Specify the public source commands and library functions:

  • mkt source adapters
  • mkt source inspect <path>
  • mkt source normalize <path> --format markdown
  • JSON output for adapters, inspection, normalization, and diagnostics
  • Markdown output for normalized document content
  • adapter selection and explicit adapter override options
  • exit behavior for unsupported, malformed, or dependency-missing inputs
  • public API names that should be exported from markitect_tool

Output: CLI/API contract note and expected-output fixtures.

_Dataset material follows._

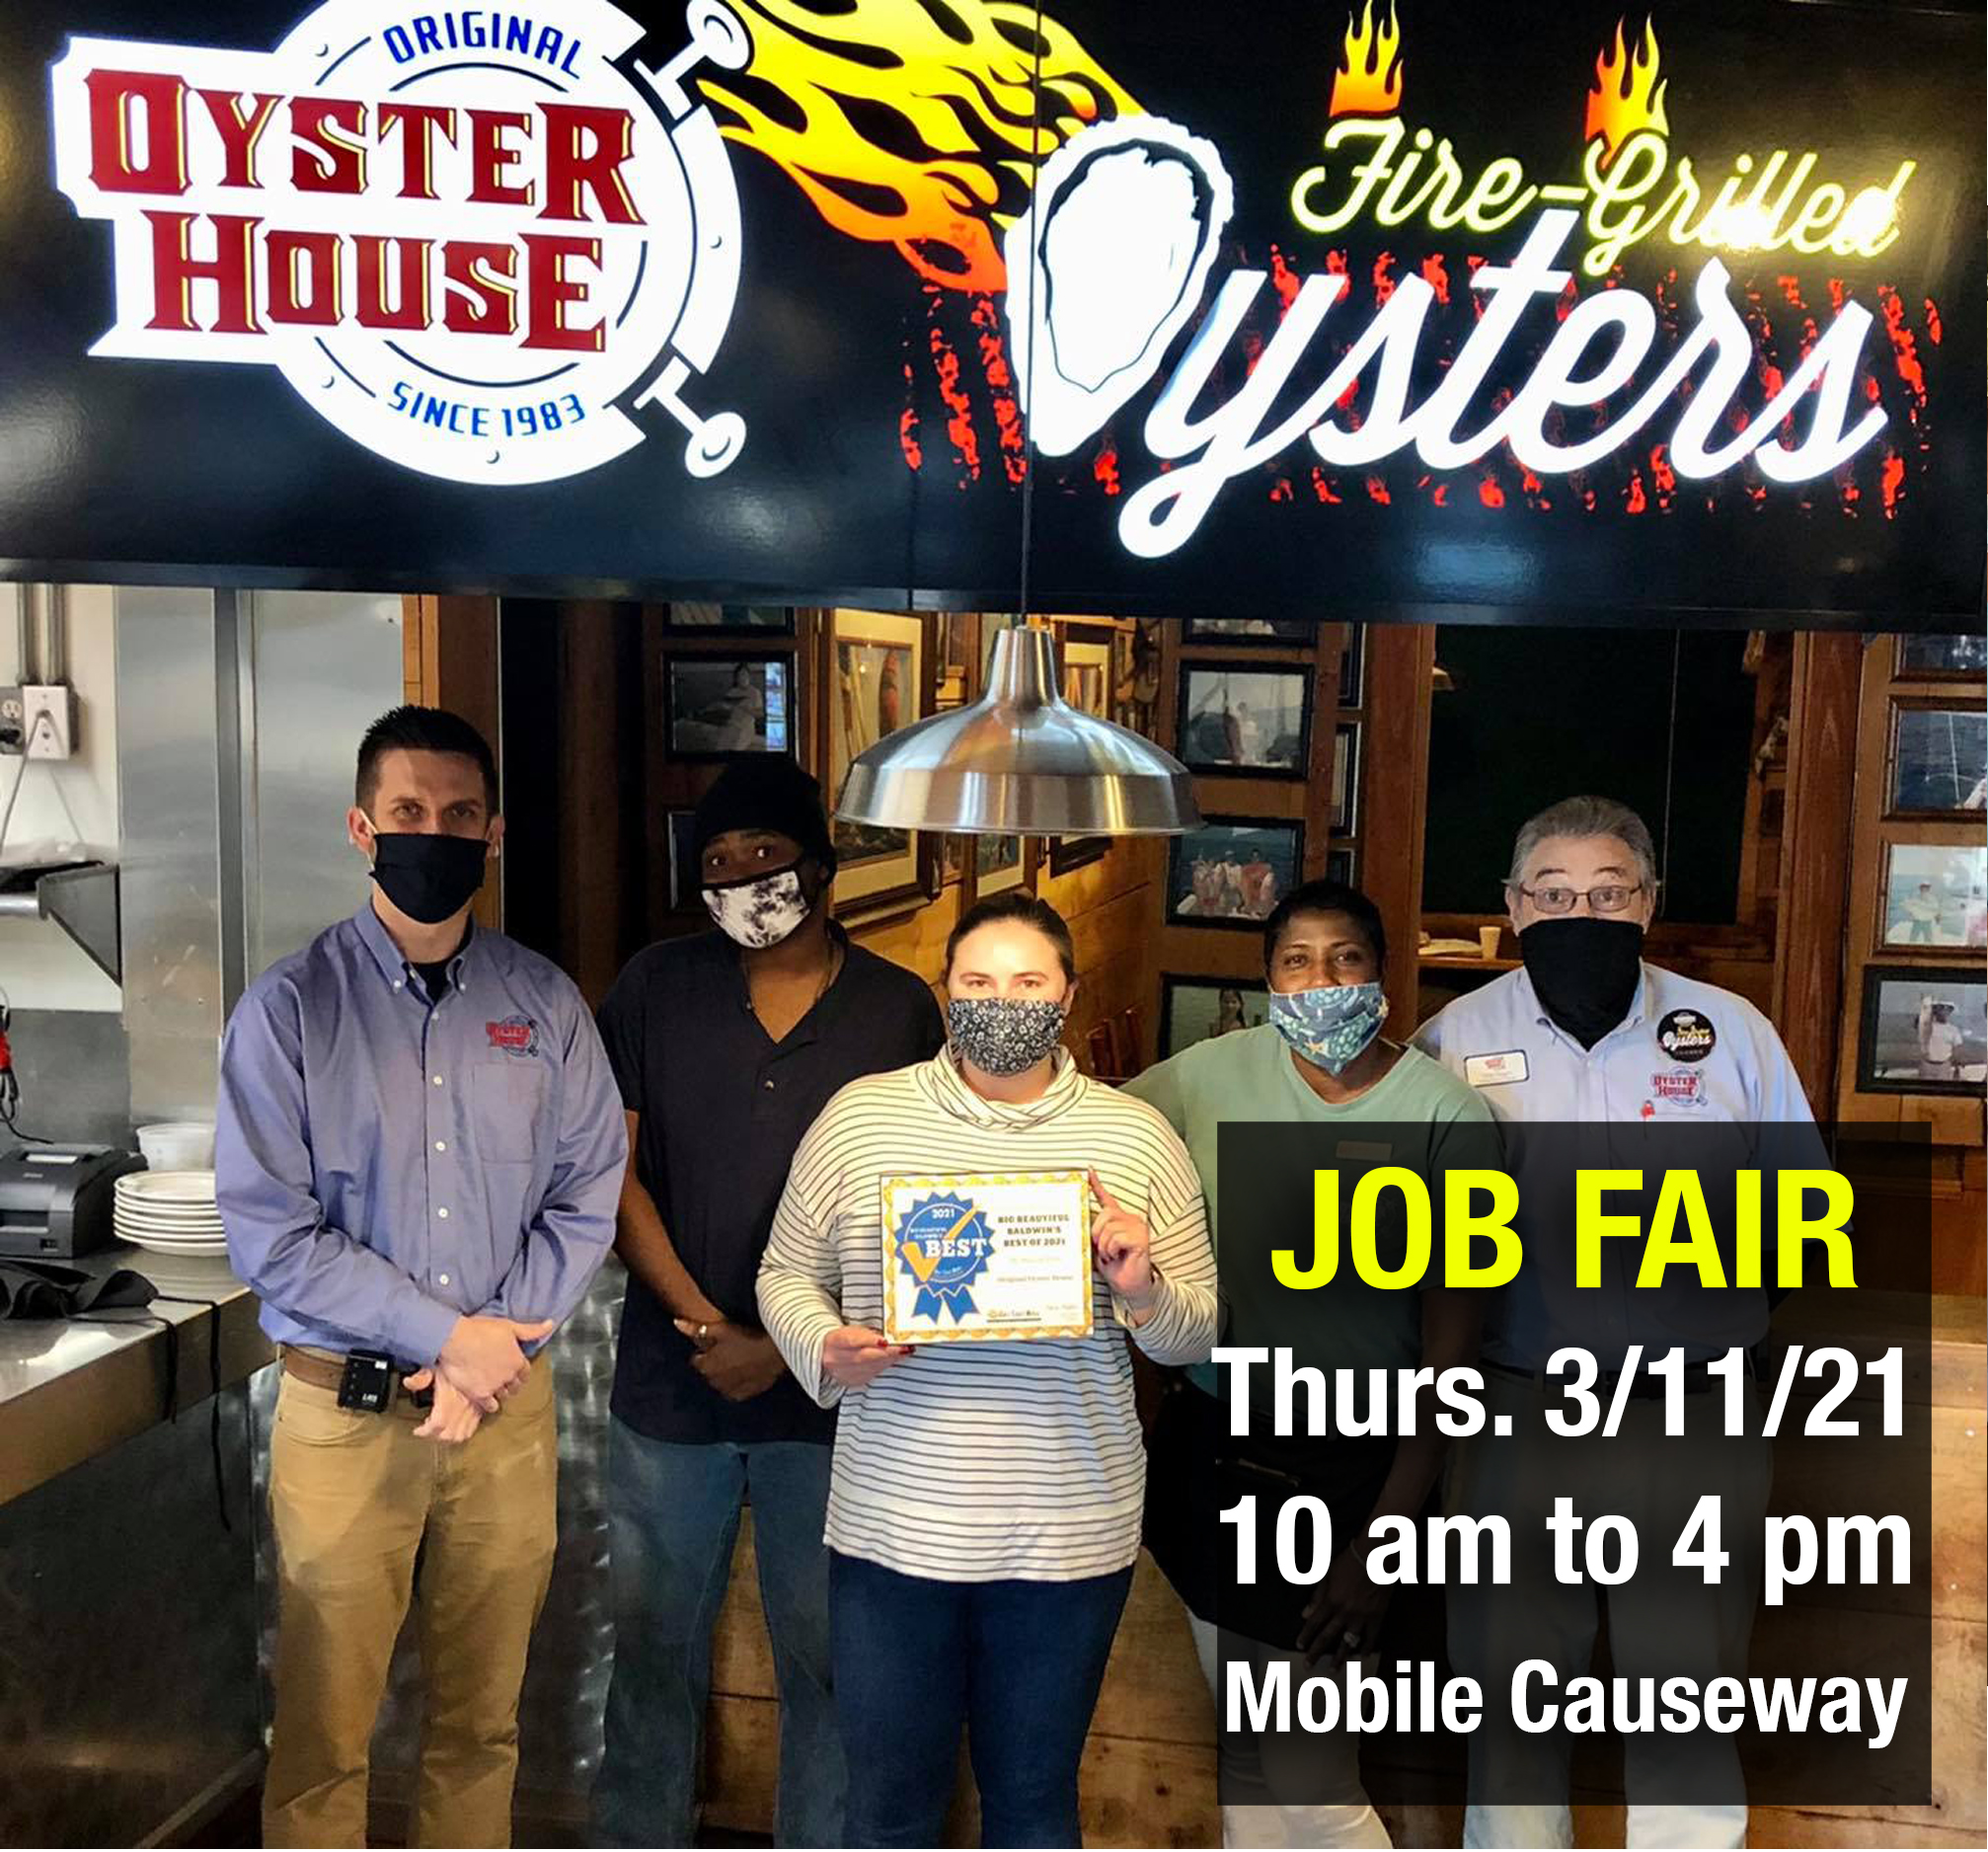 Mobile Causeway Job Fair Thurs. March 11, 2021

Implemented: docs/source-adapter-contract.md pins the mkt source command surface, formats, options, exit behavior, and public API export names. examples/source-adapters/adapter-list.json and examples/source-adapters/inspect-result.json provide expected-output fixtures.

P19.6 - Prepare contract-test and markitect-filter handoff criteria

id: MKTT-WP-0019-T006
status: done
priority: high
state_hub_task_id: "a7cb10fd-e1bd-4aee-81af-c93f09496ff8"

Define the contract tests that MKTT-WP-0018 must implement:

  • fake in-tree adapter for core behavior
  • fake external adapter package or monkeypatched entry point for discovery
  • serialization round trips for normalized model fixtures
  • unsupported-format and missing-dependency diagnostics
  • CLI JSON and Markdown output fixtures
  • reusable adapter conformance expectations for markitect-filter

Also seed the markitect-filter handoff:

  • expected package entry point declaration
  • first EPUB3 adapter descriptor shape
  • minimal fixture expectations for EPUB3 spine/nav/body extraction
  • follow-up workplan seed for markitect-filter implementation

Output: contract-test checklist and handoff note.

Implemented: docs/source-adapter-contract.md includes the WP0018 contract test checklist and the first markitect-filter EPUB3 handoff descriptor, fixture expectations, and extraction responsibilities.

Acceptance

  • MKTT-WP-0018 has no unresolved v1 contract ambiguity around model fields, read protocol shape, entry point discovery, CLI/API output, or fake adapter tests.
  • v1 is explicitly read-only; write/export support is deferred to a later workplan.
  • External adapter discovery has a named entry point group and descriptor object contract.
  • markitect-filter has enough handoff detail to implement EPUB3 without importing implementation decisions from infospace-bench.
  • The existing MKTT-WP-0018 workplan is updated to depend on this refinement pass and to reference the pinned decisions rather than reopening them.